サードパーティの初期化が完了すると、フィールド done が true に設定されます。次に例を示します。

{
name: "operations/customers/01b3fqdm/lro/AOIL6eBv7fEfiZ_hUSpm8KQDt1Mnd6dj5Ru3MXf-jri4xK6Pyb2-Lwfn8vQKg74pgxlxjrY"
done: true
}

データソースを作成する

次に、管理コンソールでデータソースを作成します。データソースは、コネクタを使用してコンテンツをインデックスに登録するための名前空間を提供します。

Google 管理コンソールを開きます。
アプリアイコンをクリックします。[アプリの管理] ページが表示されます。
[Google Workspace] をクリックします。[Apps Google Workspace 管理] ページが表示されます。
下にスクロールして [Cloud Search] をクリックします。[Google Workspace の設定] ページが表示されます。
[サードパーティのデータソース] をクリックします。[データソース] ページが表示されます。
黄色の丸い + をクリックします。[新しいデータソースを追加] ダイアログが表示されます。
[表示名] フィールドに「tutorial」と入力します。
[サービスアカウントのメールアドレス] フィールドに、前のセクションで作成したサービスアカウントのメールアドレスを入力します。サービスアカウントのメールアドレスがわからない場合は、サービスアカウントのページで値を確認します。
[追加] をクリックします。[データソースを作成しました] ダイアログが表示されます。
[*OK] をクリックします。新しく作成されたデータソースのソース ID をメモします。ソース ID はコンテンツコネクタの設定に使用されます。

GitHub API 用の個人用アクセストークンを生成する

十分な割り当てを確保するため、コネクタには GitHub API への認証済みアクセスが必要です。わかりやすくするため、コネクタでは OAuth ではなく個人用のアクセストークンを利用します。個人トークンを使用すると、OAuth と同様に、限定された権限セットを持つユーザーとして認証を行うことができます。

GitHub にログインします。
右上にあるプロフィール写真をクリックします。プルダウンメニューが表示されます。
[設定] をクリックします。
[デベロッパー向けの設定] をクリックします。
[個人用アクセストークン] をクリックします。
[Generate personal access token] をクリックします。
[Note] フィールドに「Cloud Searchtutorial」と入力します。
public_repo スコープを確認します。
[Generate token] をクリックします。
生成されたトークンをメモします。コネクタは GitHub API を呼び出し、インデックス登録を実行するための API 割り当てを提供します。

コネクタを構成する

認証情報とデータソースを作成したら、次の値が含まれるようにコネクタ構成を更新します。

コマンドラインで cloud-search-samples/end-to-end/connector/ ディレクトリに移動します。
テキストエディタで sample-config.properties ファイルを開きます。
api.serviceAccountPrivateKeyFile パラメータを、先ほどダウンロードしたサービス認証情報のファイルパスに設定します。
api.sourceId パラメータを、先ほど作成したデータソースの ID に設定します。
github.user パラメータを GitHub ユーザー名に設定します。
以前に作成したアクセストークンに github.token パラメータを設定します。
ファイルを保存します。

スキーマを更新する

コネクタは、構造化コンテンツと非構造化コンテンツの両方をインデックスに登録します。
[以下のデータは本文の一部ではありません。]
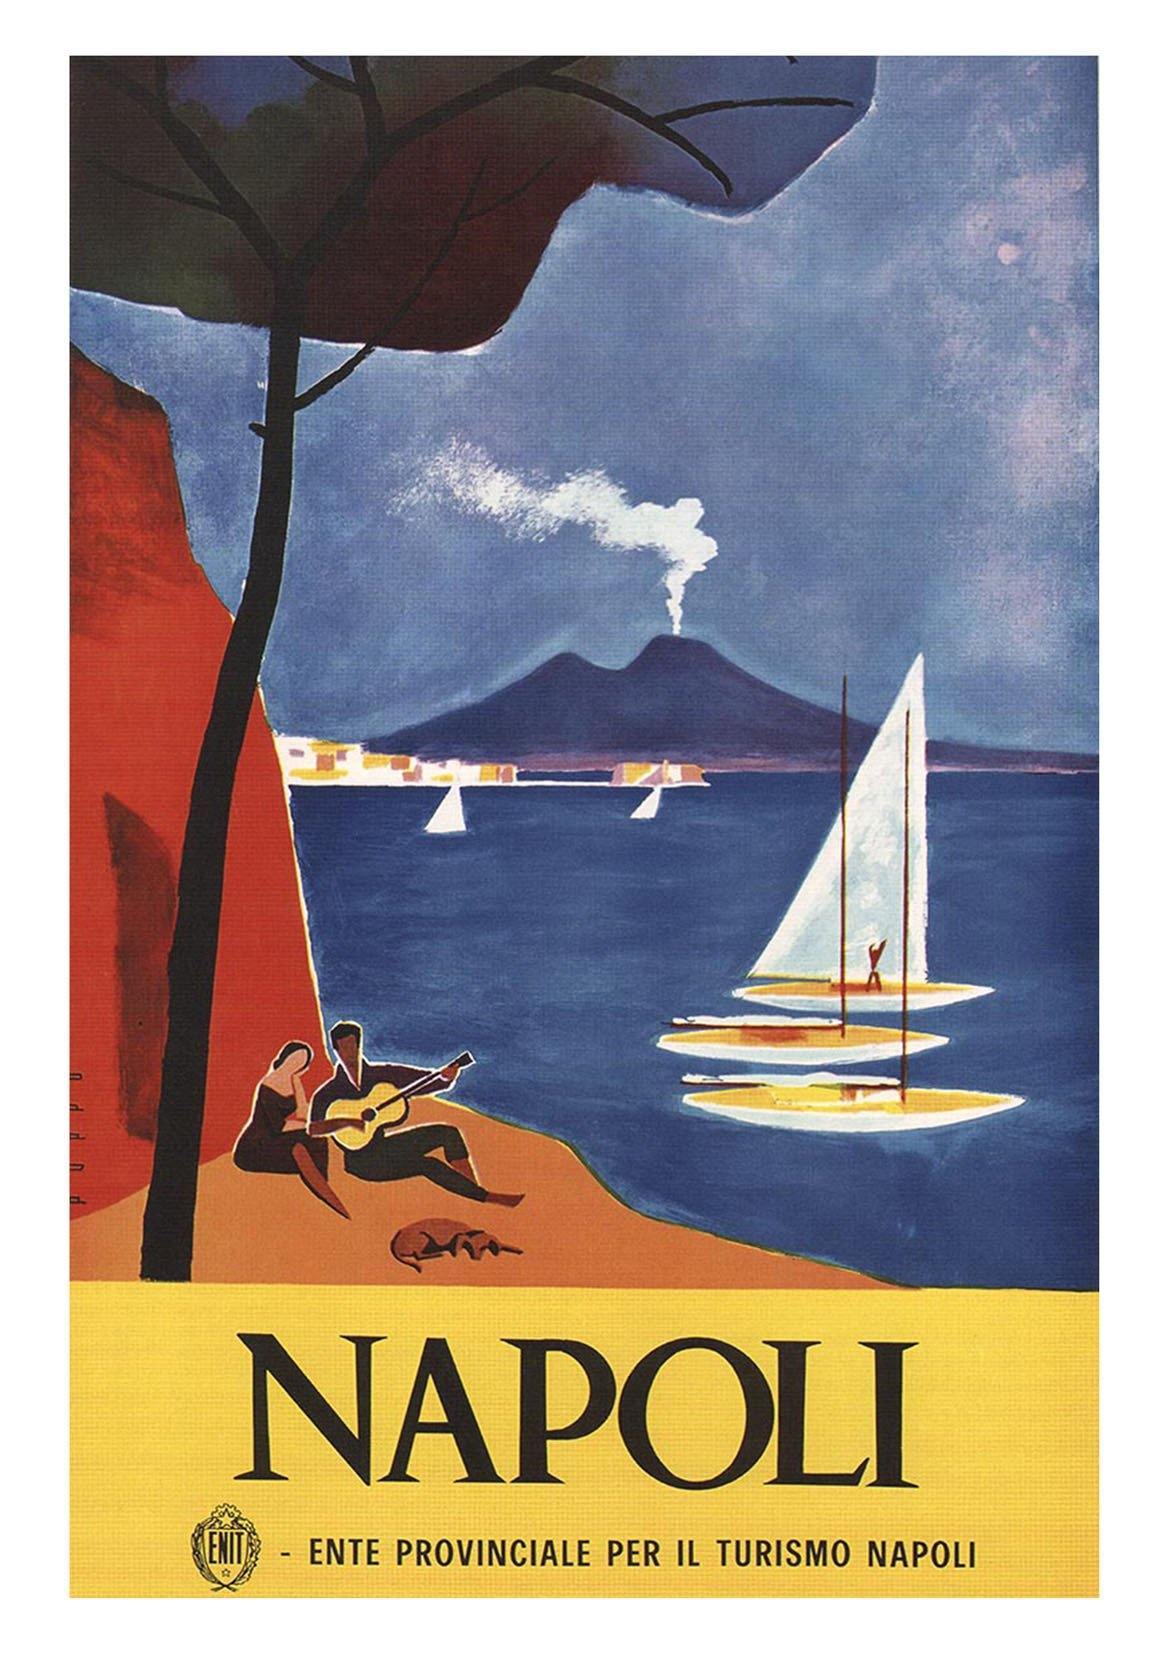 NAPLES TRAVEL POSTER: Vintage Italian Tourism Print - Pimlico Prints

データをインデックスに登録する前に、データソースのスキーマを更新する必要があります。次のコマンドを実行してスキーマを更新します。

mvn exec:java -Dexec.mainClass=com.google.cloudsearch.tutorial.SchemaTool \
    -Dexec.args="-Dconfig=sample-config.properties"

コネクタを実行する

コネクタを実行してインデックス登録を開始するには、次のコマンドを実行します。

mvn exec:java -Dexec.mainClass=com.google.cloudsearch.tutorial.GithubConnector \
    -Dexec.args="-Dconfig=sample-config.properties"

コネクタのデフォルト構成では、googleworkspace 組織内の単一のリポジトリがインデックスに登録されます。リポジトリのインデックス登録には約 1 分かかります。最初のインデックス登録の後、コネクタは Cloud Search インデックスに反映する必要があるリポジトリの変更を引き続きポーリングします。

コードの確認

残りのセクションでは、コネクタの構築方法について説明します。

アプリケーションの起動

コネクタのエントリポイントは GithubConnector クラスです。main メソッドは、SDK の IndexingApplication をインスタンス化して起動します。

GithubConnector.java

GitHub で表示

/**
 * Main entry point for the connector. Creates and starts an indexing
 * application using the {@code ListingConnector} template and the sample's
 * custom {@code Repository} implementation.
 *
 * @param args program command line arguments
 * @throws InterruptedException thrown if an abort is issued during initialization
 */
public static void main(String[] args) throws InterruptedException {
  Repository repository = new GithubRepository();
  IndexingConnector connector = new ListingConnector(repository);
  IndexingApplication application = new IndexingApplication.Builder(connector, args)
      .build();
  application.start();
}

SDK が提供する ListingConnector は、Cloud Search キューを利用してインデックス内のアイテムの状態を追跡する走査戦略を実装します。GitHub のコンテンツにアクセスするために、サンプルコネクタによって実装された GithubRepository にデリゲートします。

GitHub リポジトリの走査

フル走査中に、インデックス登録が必要なアイテムをキューに push するために getIds() メソッドが呼び出されます。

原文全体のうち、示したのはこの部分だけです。